Regulatory Compliance:
We offer advice on adhering to the 2013 Companies Act and other pertinent laws. Advice about board meetings, shareholder communications, and company governance falls under this category. We notify clients of modifications to laws and regulations that have an impact on how businesses operate.
Corporate Governance:
We help with the planning, arranging, and recording of board and general meetings, including the drafting of resolutions and minutes. Assist with secretarial tasks to keep up with business filings and records and to make sure governance procedures are followed.
Annual Compliance:
We assist in overseeing the preparation and submission of yearly returns to the ROC, which comprise director reports, financial statements, and other pertinent paperwork. aid in obtaining the compliance certificates and other legally essential paperwork that the ROC requires.
Amendments and Modifications:
By submitting the required paperwork to the ROC, you can make modifications to the company's address, directors, and share capital more easily.

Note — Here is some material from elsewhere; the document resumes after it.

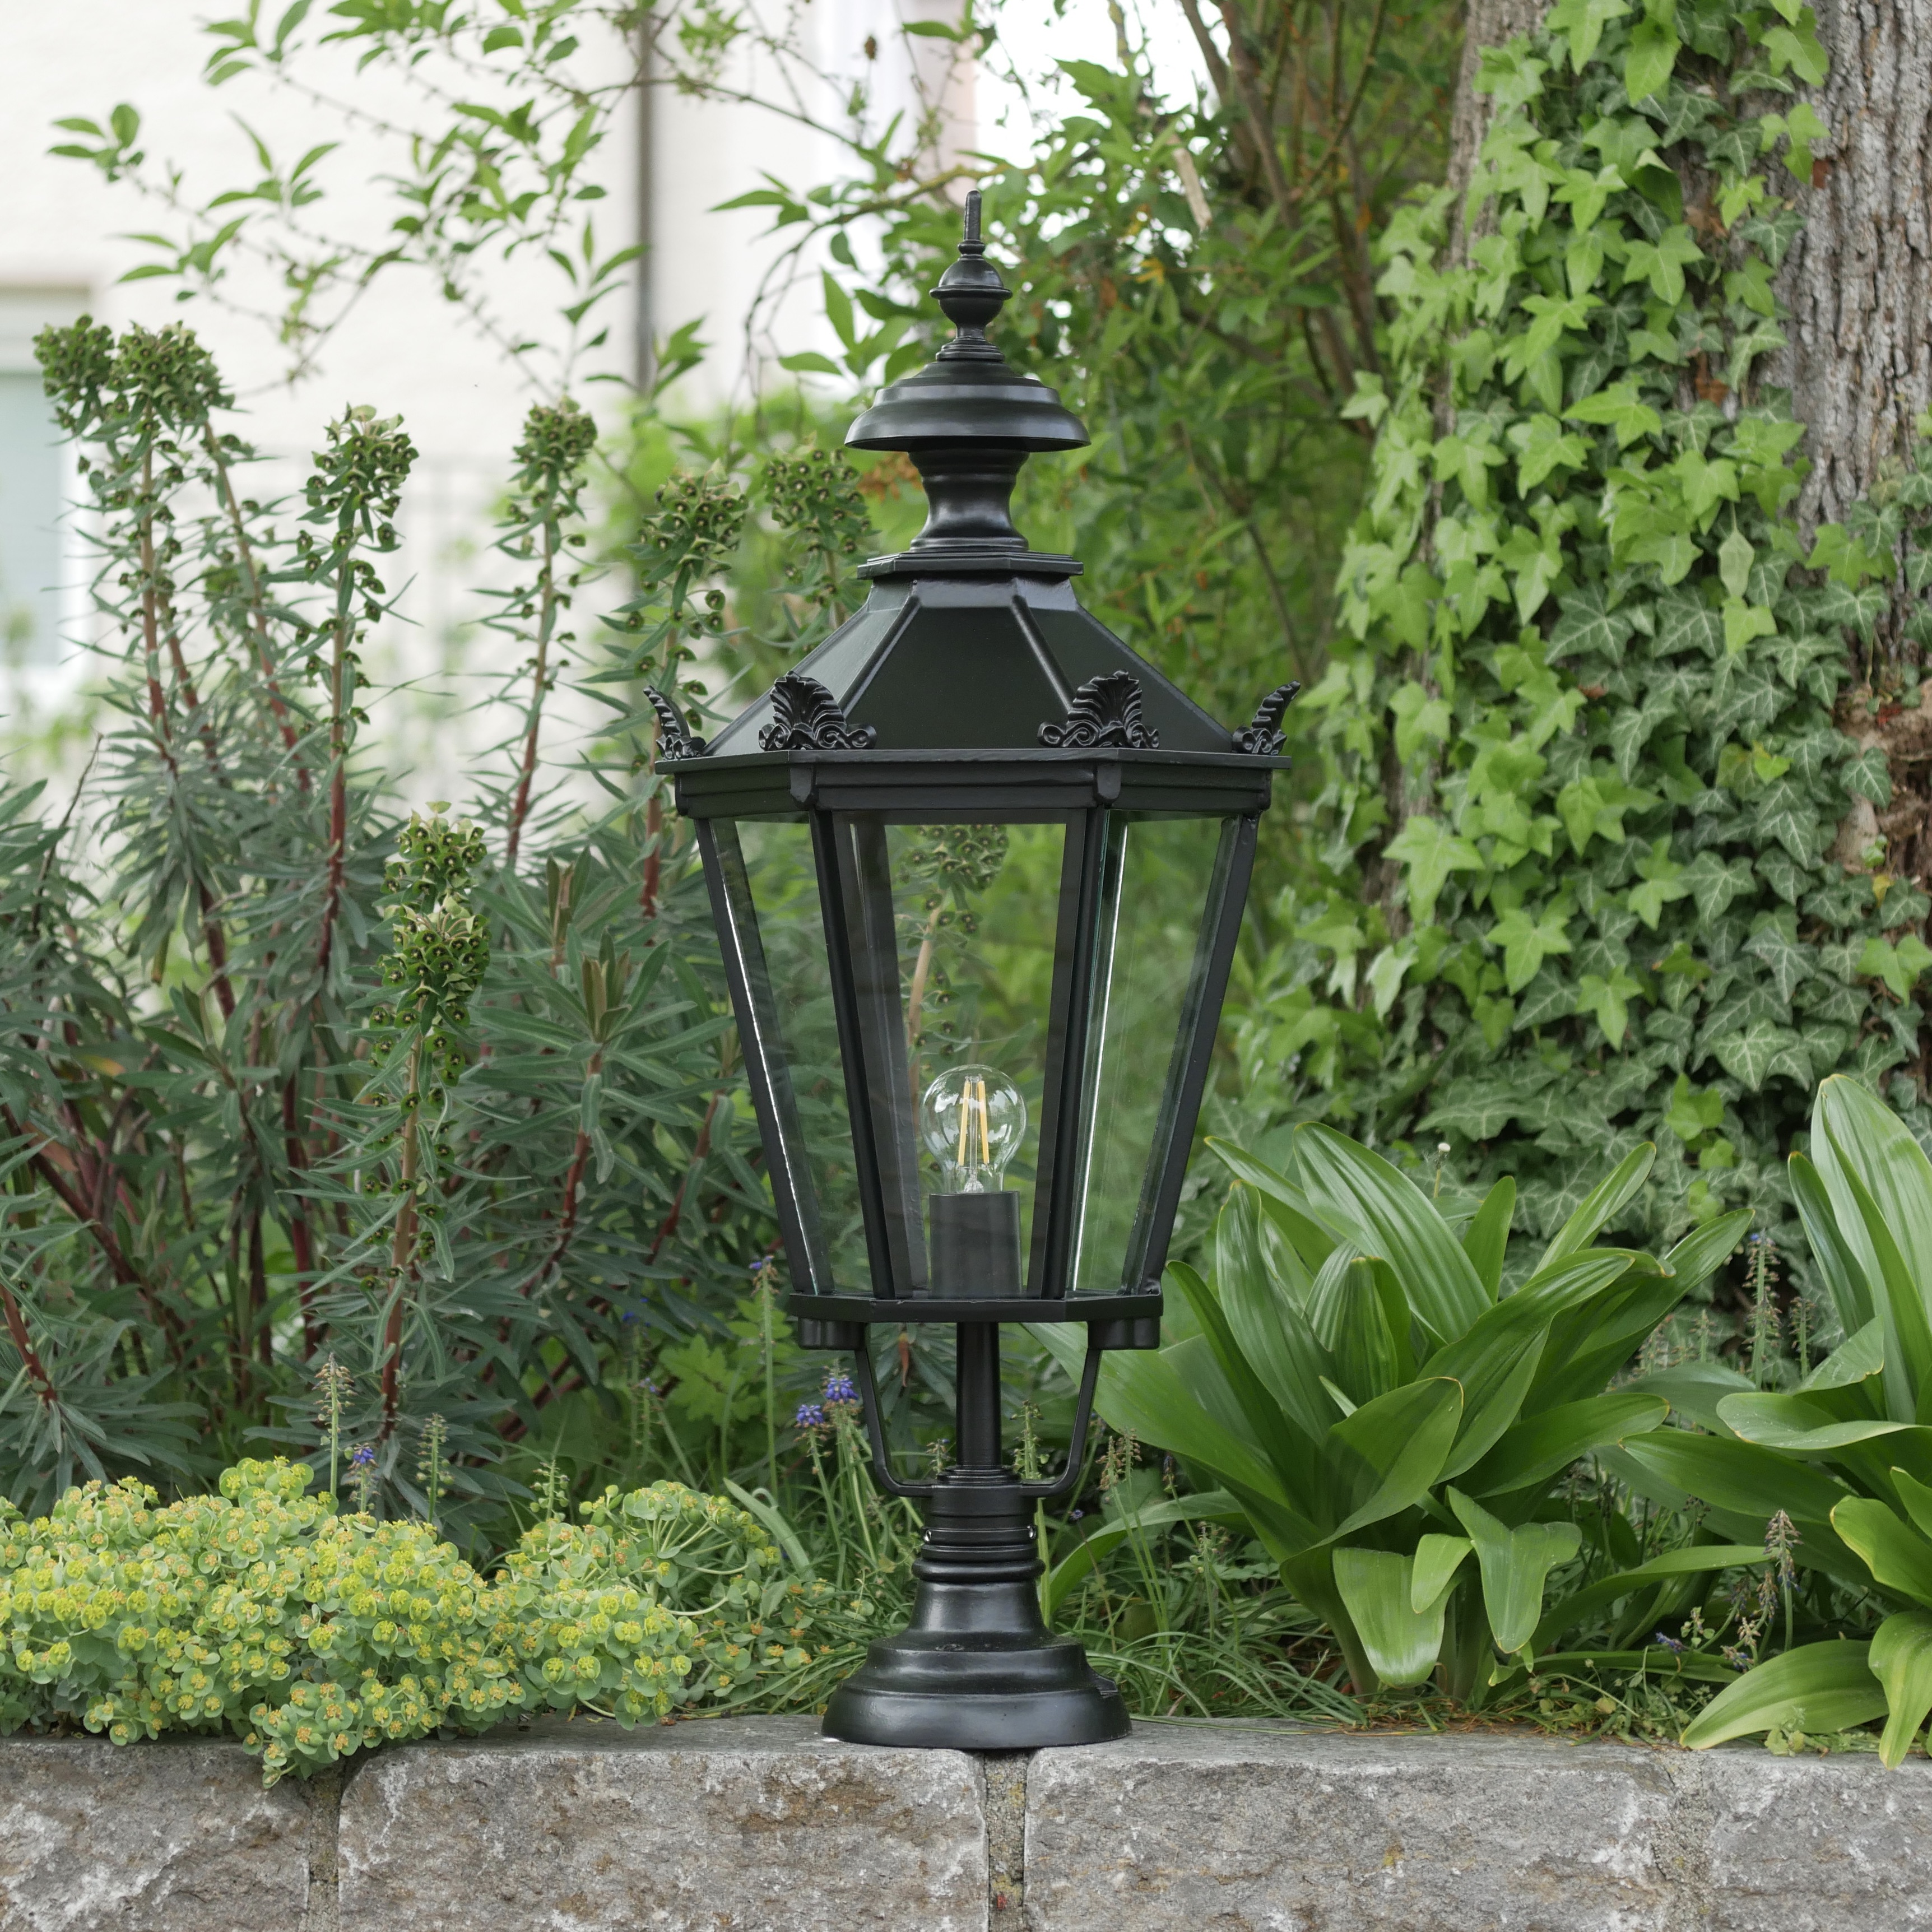 Large Garden Light Elba 71.72.73: Große Gartenleuchte Elba mit Schinkel-Laterne 72, mittleres Modell, Schwarz RAL 9005, klares Glas

As needed, help with the modifications of the AOA, MOA, and other business papers.
Director and Shareholder Services appointment:
We manage the appointment, resignation, and removal of directors as well as the necessary paperwork that needs to be filed with the ROC. Help oversee shareholder-related operations, such as issuing new shares, transferring existing ones, and keeping track of shareholder information.
Legal and Compliance Representation:
With the assistance of our staff, disagreements pertaining to ROC filings, compliance problems, or other regulatory matters can be handled without difficulty through dispute resolution. In interactions with the ROC and other regulatory bodies, we speak on behalf of the business.
Due Diligence and Audits:
In order to make sure that ROC regulations are followed and to find any compliance problems, we carry out internal audits. To guarantee ROC compliance, do due diligence on mergers, acquisitions, and other business transactions.
Your company may focus on its main business activities, ensure regulatory compliance, and manage its ROC-related obligations with effectiveness by utilizing SKMC Global's expertise.